Silly question, I notice it's referencing amd64-addon-double-take, whereas I'm on an Intel chipset (running on a NUC), it couldn't have anything to do with it? Grasping at straws now :)

Haloooch commented 2 years ago

One other thing I have noticed, double-take seems to be using the following as it's temp folder:

tmp: { path: '/dev/shm/double-take' }

Using Studio Code Server to browse the HAOS folders this folder doesn't seem to exist, I have /dev/shm/ but not the double-take folder. It is possible that's down to HAOS permissions with Studio Code just not letting me see it.

jakowenko commented 2 years ago

Silly question, I notice it's referencing amd64-addon-double-take, whereas I'm on an Intel chipset (running on a NUC), it couldn't have anything to do with it? Grasping at straws now :)

amd64 should be the correct version since you're on a NUC. Thanks for the logs. I'm determined to figure this out, I just wish I could replicate it haha.

One other thing I have noticed, double-take seems to be using the following as it's temp folder:

tmp: { path: '/dev/shm/double-take' }

Using Studio Code Server to browse the HAOS folders this folder doesn't seem to exist, I have /dev/shm/ but not the double-take folder. It is possible that's down to HAOS permissions with Studio Code just not letting me see it.

That's a good theory, I can look into that more or create a new build without that for now for testing.

Edit: On second thought, that folder will only get created when files are processed. So if it's not even loading, chances are that folder won't exist.

So even with the /config/double-take for your SECRETS_PATH it still fails right? Did any of the files get created within config/double-take?

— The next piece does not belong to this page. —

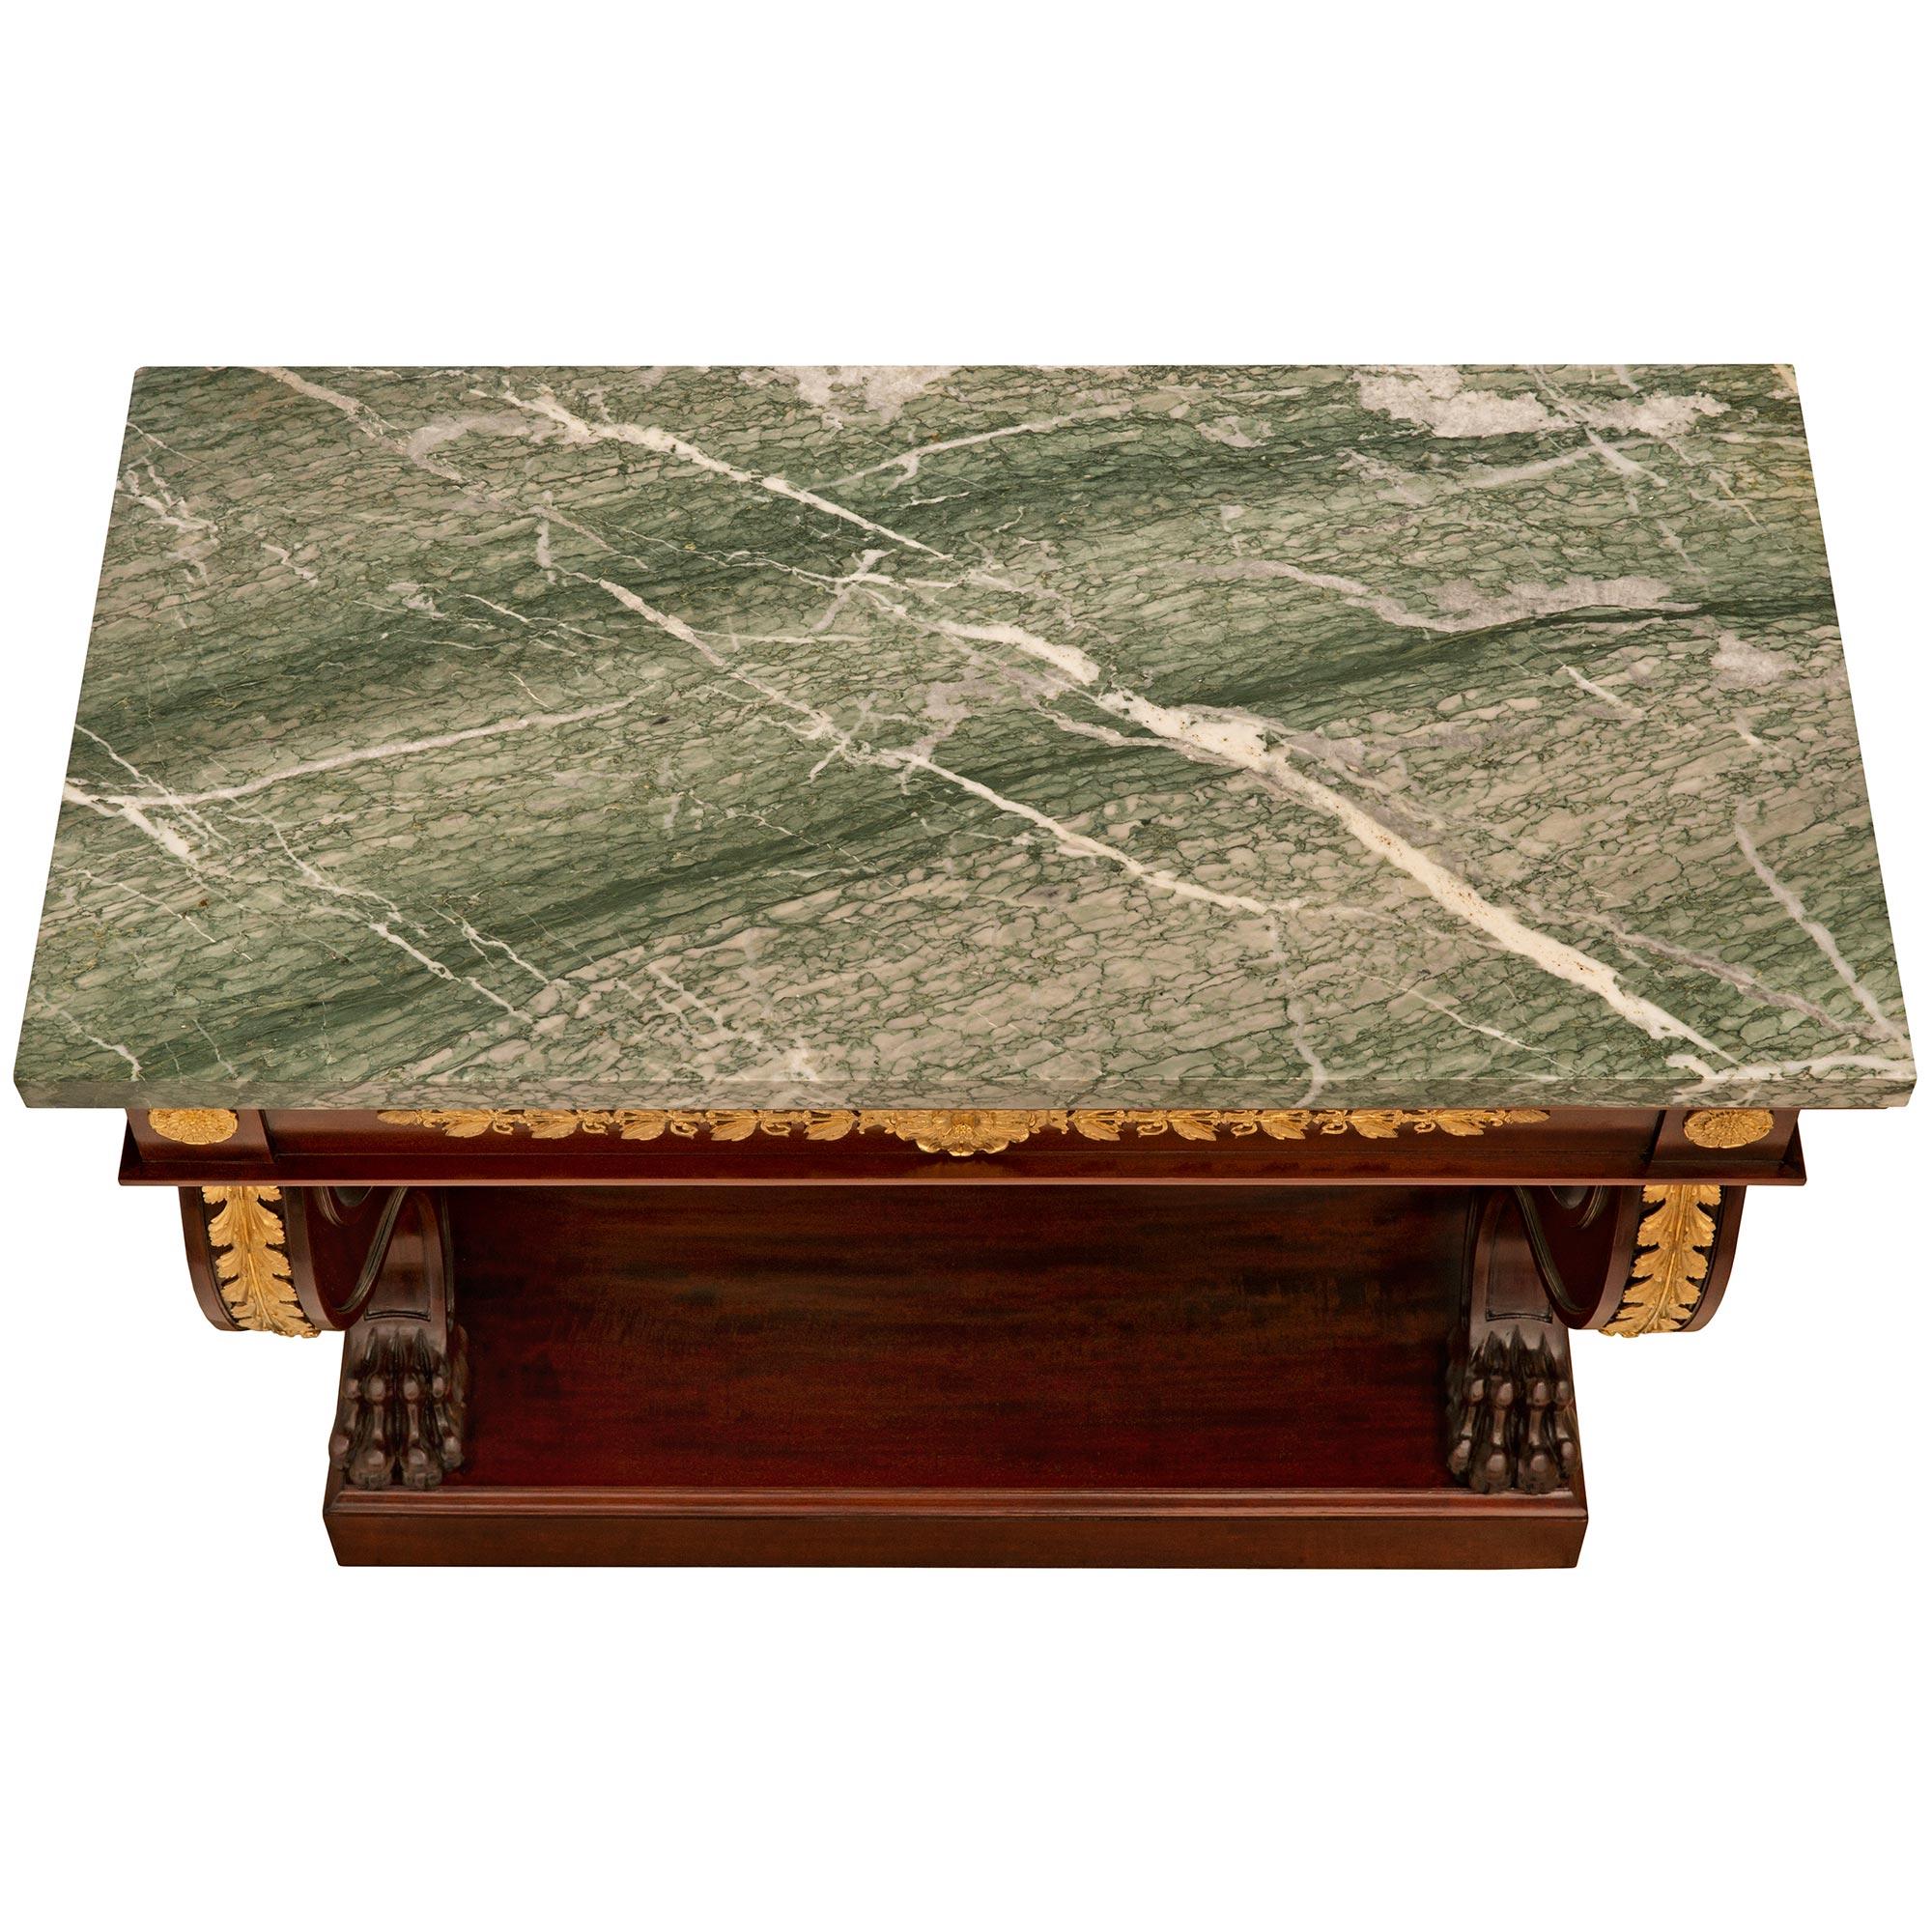 A handsome French 19th century Empire st. Mahogany, Ormolu and Vert Campan marble console. The solid Mahogany console is raised on a rectangular plinth with a mottled edge on the three sides. Above are the 'S' scrolled front supports ending with

Haloooch commented 2 years ago

And we are fixed!

In the new config for 1.11.0 I had the secrets setup like this: SECRETS_PATH: /config My main HA secrets.yaml did live in the /config folder.

I decided to move a copy of the secrets file to /config/double-take and updated the config to match. SECRETS_PATH: /config/double-take

Double-take has been running for 5 minutes and is capturing images as expected! :)

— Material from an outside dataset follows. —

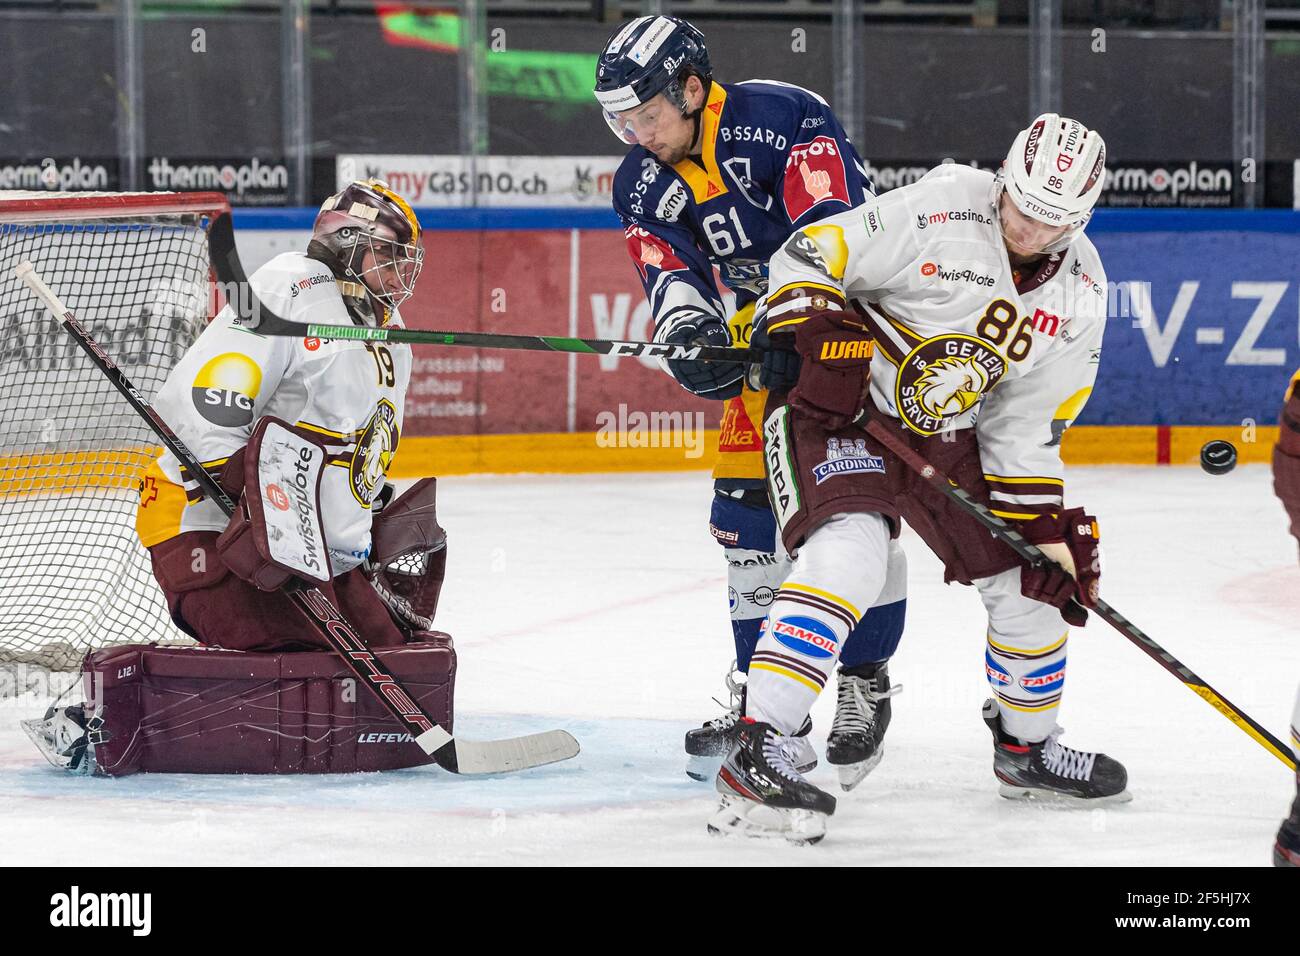 # 86 Joel Vermin (Geneva) with Sven Leuenberger # 61 (EV Zug) fighting for the disc during the National League Regular Season ice hockey game between EV Zug and Geneve-Servette HC on March 24th, 2021 in the Bossard Arena in Zug. (Switzerland/Croatia OUT) Credit: SPP Sport Press Photo. /Alamy Live News Stock Photo

kanemari commented 2 years ago

it works when the path for the secrets file is changed to /config/double-take.

I simply stopped the prod version, installed the beta, updated the path to match all the others, and started it. works fine so far. it would have crashed out almost instantly before so I assume that its going to be fine.

checked that I can edit the secrets file (from within the double-tale directory), and it updates properly on the filesystem as well.

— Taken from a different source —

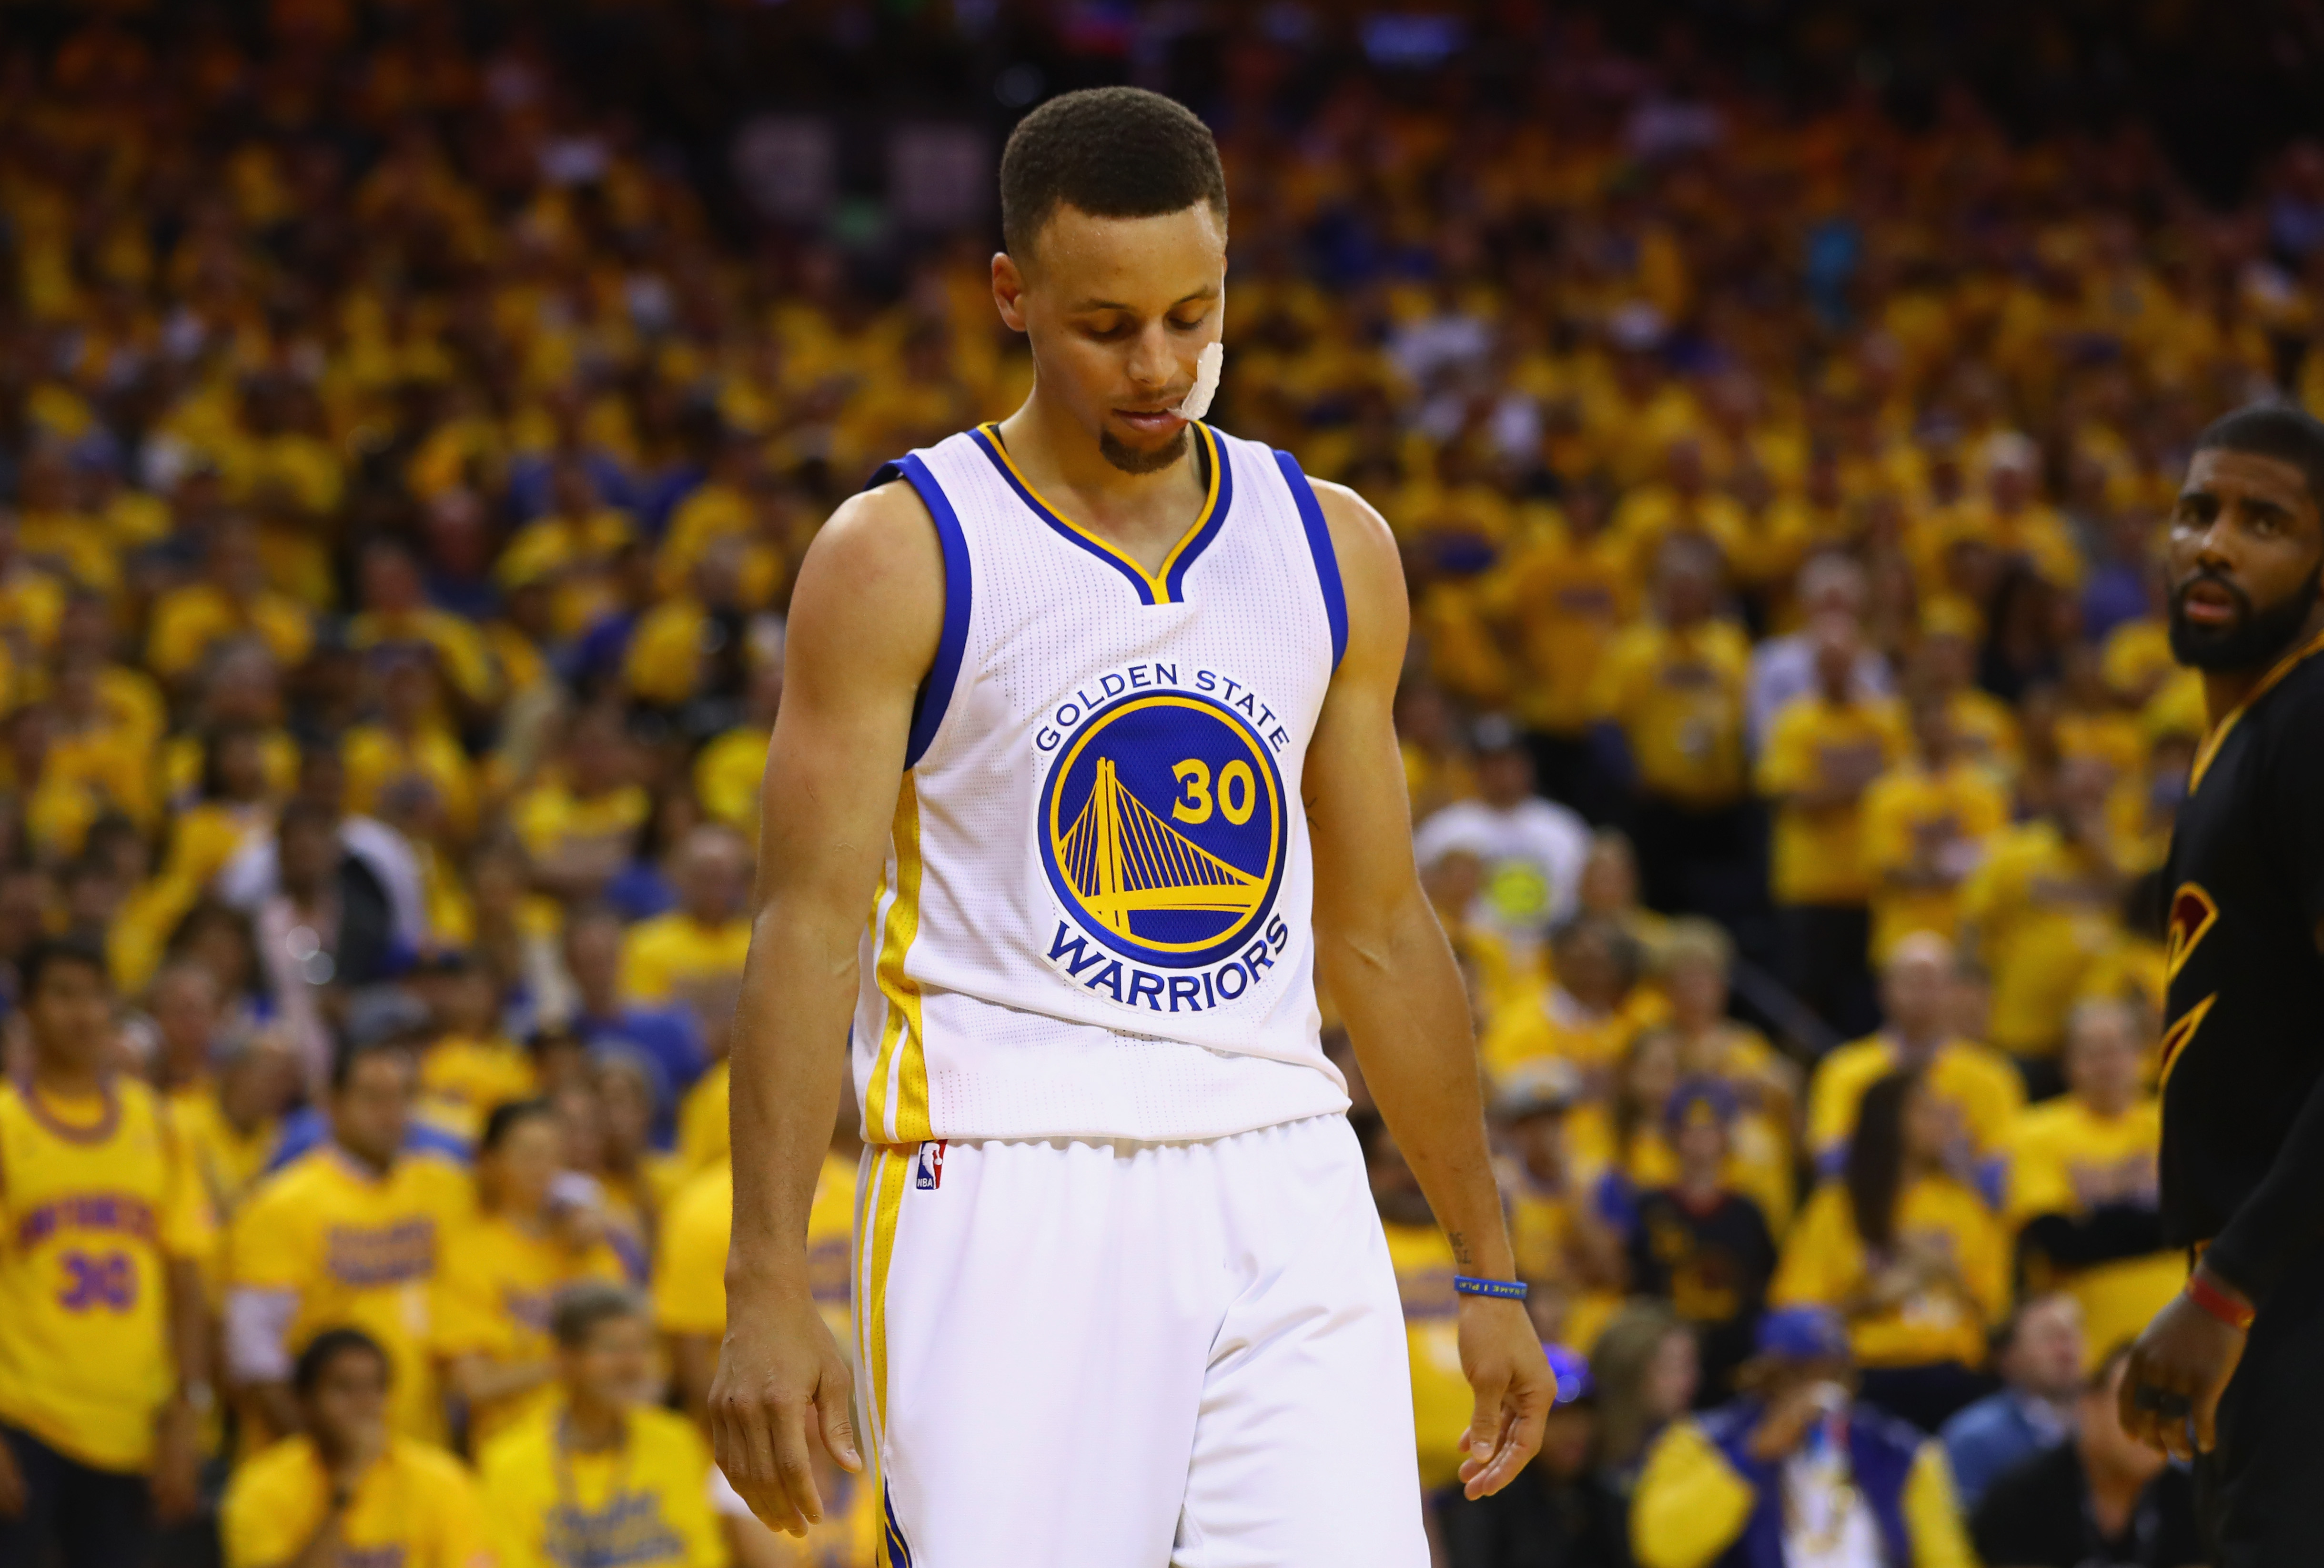 OAKLAND, CA - JUNE 13: Stephen Curry #30 of the Golden State Warriors reacts during the second half against the Cleveland Cavaliers in Game 5 of the 2016 NBA Finals at ORACLE Arena on June 13, 2016 in Oakland, California. NOTE TO USER: User expressly acknowledges and agrees that, by downloading and or using this photograph, User is consenting to the terms and conditions of the Getty Images License Agreement.   Ezra Shaw/Getty Images/AFP

jakowenko commented 2 years ago

Awesome! Sorry if I wasn't clear with what to change originally.

I'm so glad it's working for both of you now. I didn't want to change the default since it does appear to be working for some. But I will include a note in the README to let users know about it if they are getting a similar error.

Thanks for being patient on this fix!

jakowenko commented 2 years ago

Going to close since this seems to be resolved now. Feel free to open a new issue if you run into any problems.

robert1993 commented 2 years ago

That solved the problem. I’ve just been able to install and launch 1.10.1, working as expected.

Op 25 mei 2022 om 17:43 heeft David Jakowenko @.***> het volgende geschreven:

 TotaalHost reports: This sender is trusted. There is a new beta add-on with a fix. Are you able to verify this resolves your issue?

— Reply to this email directly, view it on GitHub, or unsubscribe. You are receiving this because you commented.

4xle commented 2 years ago

This may be an issue depending on the version of HA being run or not. I'm running HA Supervised and it is especially protective of the /config directory, it seems. Same issue as described above with DT @ v1.13.0, changing the secrets path solved it.